Desde el nacimiento a la edad adulta, la afectividad tiene sus características propias aunque se mezcla con otros aspectos del desarrollo: el crecimiento físico, las adquisiciones motrices y verbales y la inteligencia.
La afectividad cubre el campo de las emociones, los afectos y sentimientos vinculados a la esfera subjetiva, a lo vivido por el niño.
En el desarrollo afectivo se producen una serie de experiencias diversas más o menos conflictivas, relacionadas con la lucha entre los intereses del niño y las exigencias del entorno.

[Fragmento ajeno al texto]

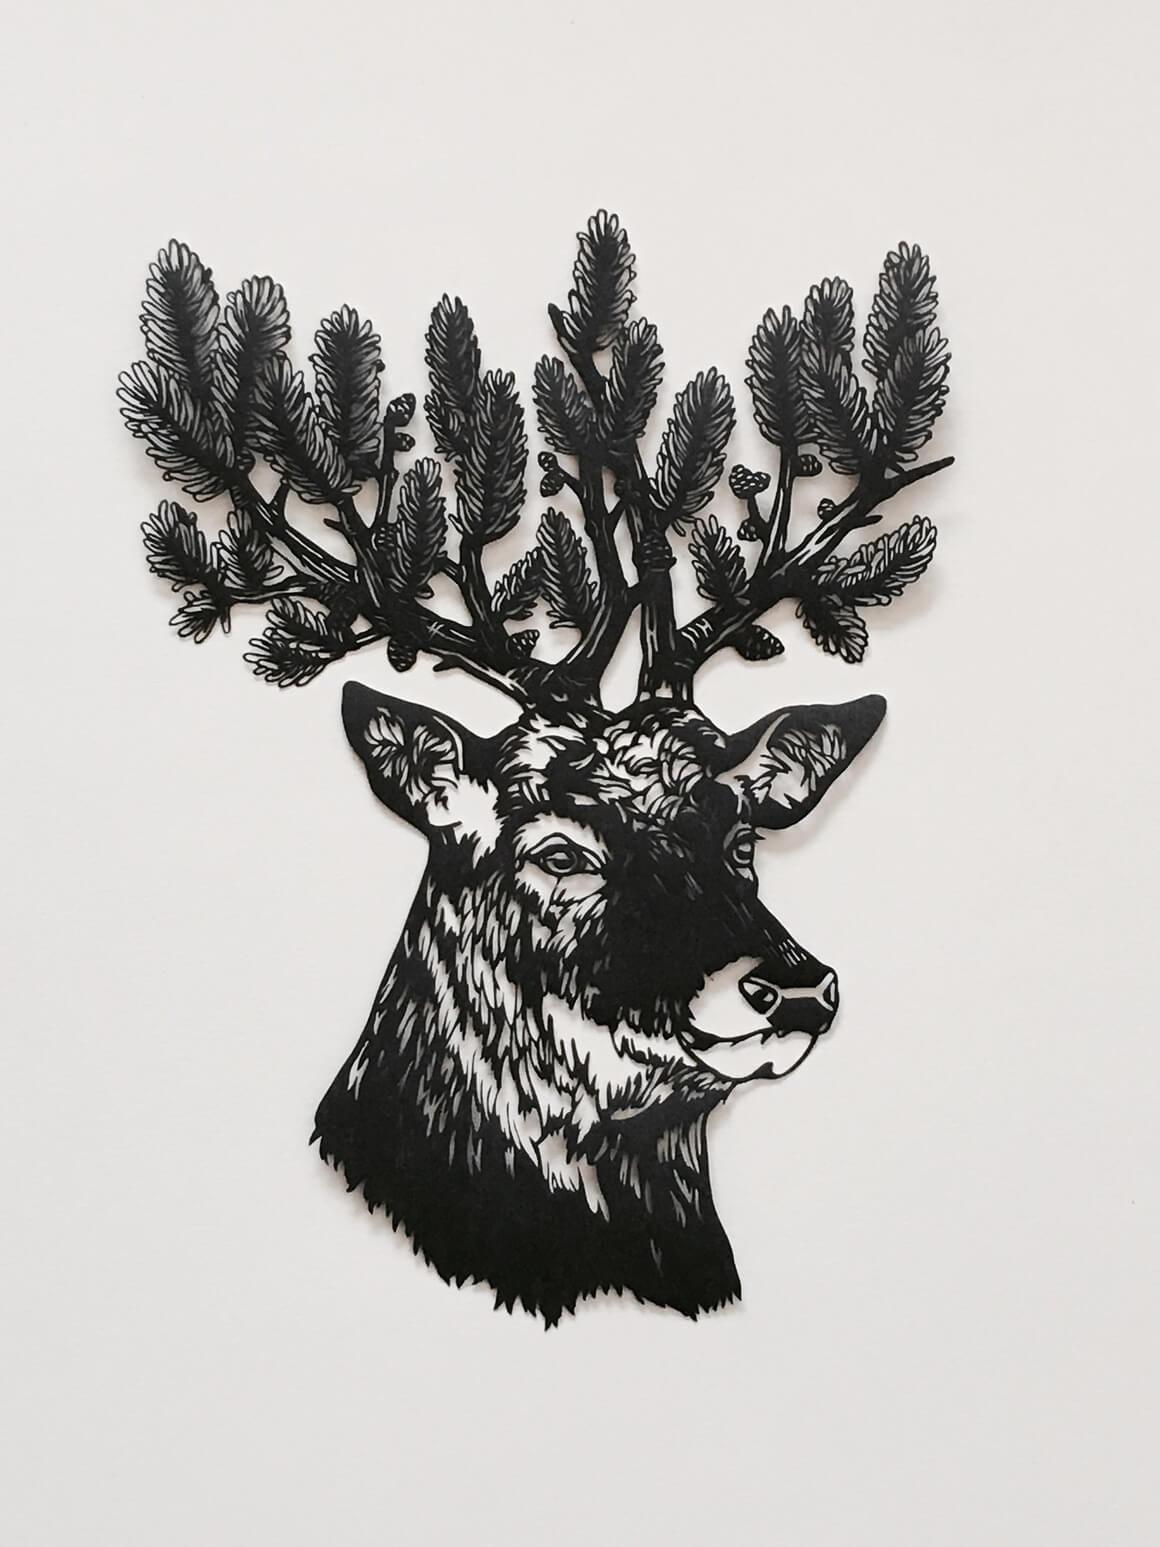 silueta de ciervo hecha con papel cortado a modo de ilustración por Kanako Abe

Primera infancia, hasta el año y medio aproximadamente
La cavidad bucal y la ingestión de alimentos proporcionan al lactante las primeras vivencias de placer y satisfacción. La madre deberá percibir, interpretar y responder a las demandas del bebé, tanto biológicas como afectivas. La ausencia de aportes afectivos en la relación madre-hijo conduce a secuelas en el desarrollo.
Gracias a los intercambios con la madre relacionados con las vivencias emocionales en esta etapa, el niño comenzará a reconocer al otro. Lo que implica la integración de una serie de experiencias debidas sobre todo, a la maduración perceptiva.
La sonrisa de un recién nacido se debe al estado de satisfacción que experimenta el bebé al encontrarse bien alimentado y cuidado. Hacia las 8 semanas, aparece la manifestación de una sonrisa frente al rostro humano, sin distinción de las distintas personas del entorno.
A partir del 6º y el 8º mes, el niño ya no responde con una sonrisa a cualquier persona, distingue al familiar del extraño y responde con llanto a este último. En esta edad aparece la distinción del yo, distinto del otro.
En esta etapa, además de la sonrisa asociada a las sensaciones placenteras, se dan otras reacciones emocionales negativas, llanto, cólera, tensión muscular, miedo, etc.